In 2011, the First-tier Tribunal (Tax Chamber) heard an appeal by another bingo club operator, which argued that it was entitled to make an adjustment without any time limitation. The First-tier Tribunal agreed: Carlton Clubs plc v Revenue and Customs Comrs [2011] UKFTT 542 (TC); [2011] SFTD 1209. In light of that case, the taxpayer in the current dispute sought to make an adjustment for the years 1996-2004. HMRC declined to accept that. The taxpayer appealed. The question for the Supreme Court was whether the taxpayer was entitled to make such an adjustment.

Reasons for the judgment

The first obstacle facing the taxpayer was the time limit in section 80 of the VAT Act, which applied to recovery of money paid that was not “VAT due to HMRC”. To avoid the time limit, the taxpayer therefore had to argue that all the tax paid on a game by game basis in the years 1996-2004 was due to HMRC. The taxpayer argued that both the session by session and game by game methods were legitimate methods of calculation. As such, when using the game by game method, it was paying tax that was due and therefore section 80 of the VAT Act, and its time limit, did not apply.

Lord Leggatt disagreed; there was only one correct method of calculating the taxable element – which was the session by session method. In the present case, it was an agreed fact that a customer purchased a right to participate in a session of bingo. No reason was advanced for going behind the pricing policy adopted by the taxpayer. It followed that if, as a result of using the game by game basis, the taxpayer had paid more VAT to HMRC between 1996 and 2007 than if it had used the session by session method, then the taxpayer had paid tax that was not due. This means that section 80 with its three year time limit applied, so that VAT paid before 2004 cannot be recovered.

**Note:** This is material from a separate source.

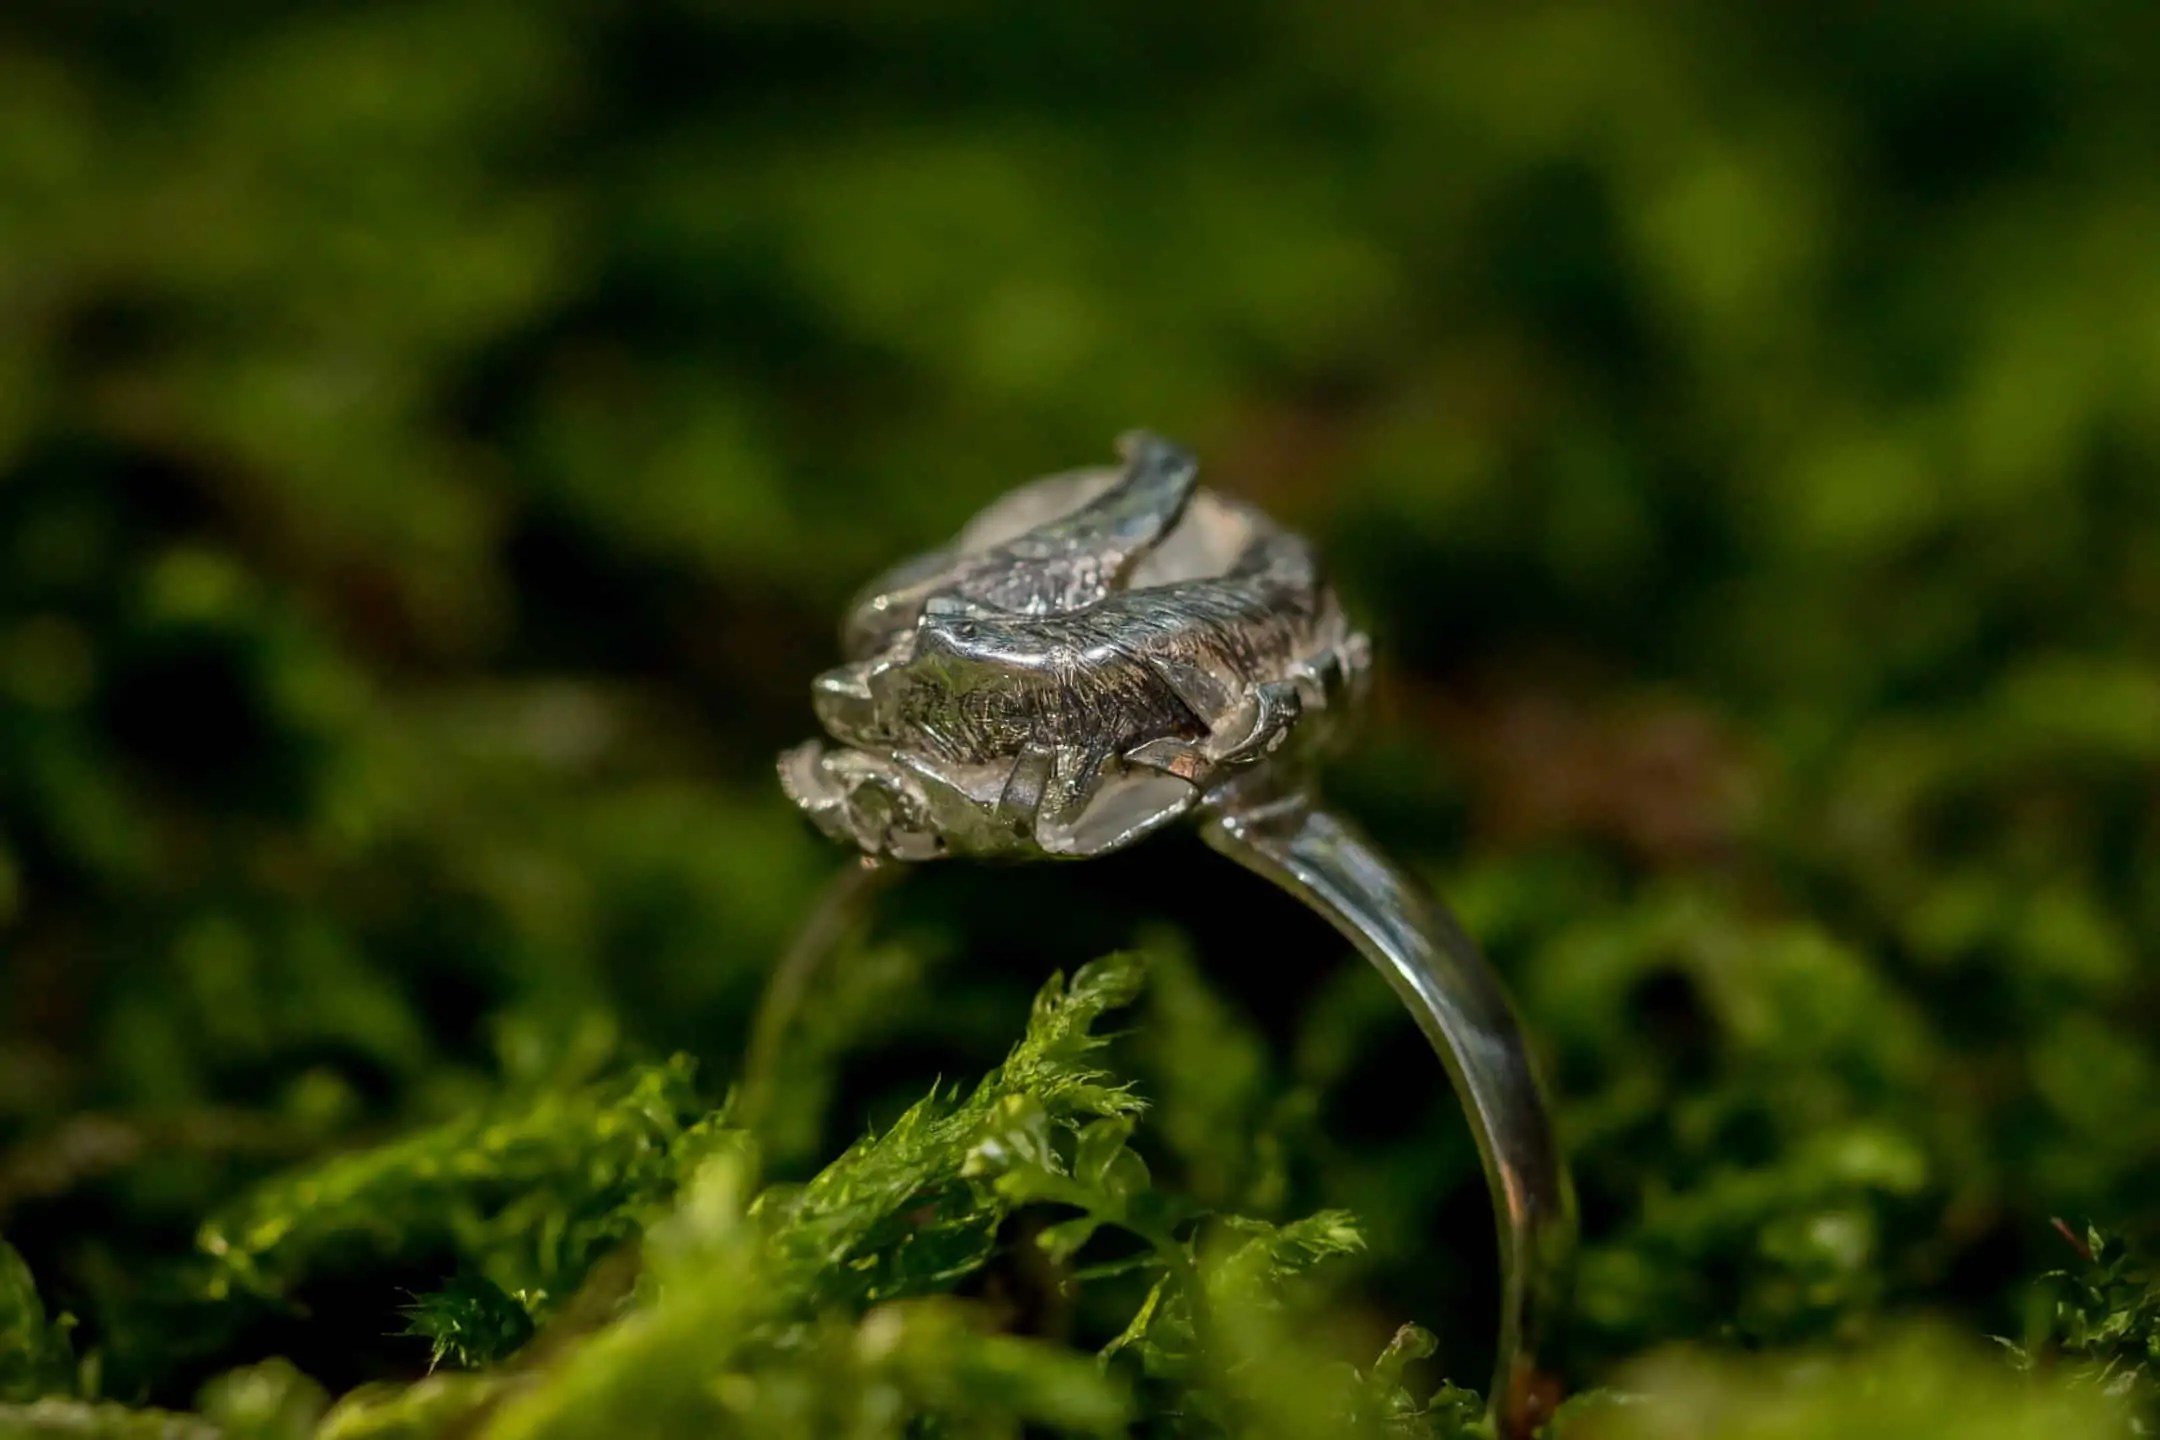 Jak zrobić zdjęcie biżuterii - tamron makro 90mm

This was sufficient to dispose of the appeal. However, Lord Leggatt went on to address the rest of the taxpayer’s argument. The taxpayer sought repayment by relying on article 90 of the Principal VAT Directive, which states “In the case of cancellation, refusal or total or partial non-payment, or where the price is reduced after the supply takes place, the taxable amount shall be reduced accordingly under conditions which shall be determined by the member states”. The mechanism for adjustments under article 90 is found in regulation 38 of the 1995 Regulations, which applies where there is an increase or “a decrease in consideration for a supply”. There is no time limit for making such adjustments. The taxpayer argued that where the method of calculation changes and produces a lower amount, there is a reduction in the price / decrease in consideration for a supply for which an adjustment can be made under regulation 38.

Lord Leggatt rejected that argument. Article 90 and regulation 38 apply only where there has been a change in the consideration actually received by the taxpayer, not where all that has changed is the method used to calculate the taxable amount. It would subvert section 80 of the VAT Act if the taxable person could, by adopting a different method of calculation, adjust its liability for all past years.

The taxpayer further argued that the business brief required or invited bingo promoters to change the calculation method and make retrospective adjustments accordingly. This was also not accepted. HMRC does not generally have the power to issue binding guidance and the business brief was merely HMRC’s view of the law; if the taxpayer disagreed, the position would need to be resolved by a tribunal. In any case, the business brief could only reasonably be read as inviting bingo promoters who found that they had incorrectly calculated VAT on a game by game basis to make a claim for repayment under section 80. It could not be read as inviting promoters to make adjustments under regulation 38. The business brief was therefore inconsistent with the taxpayer’s case.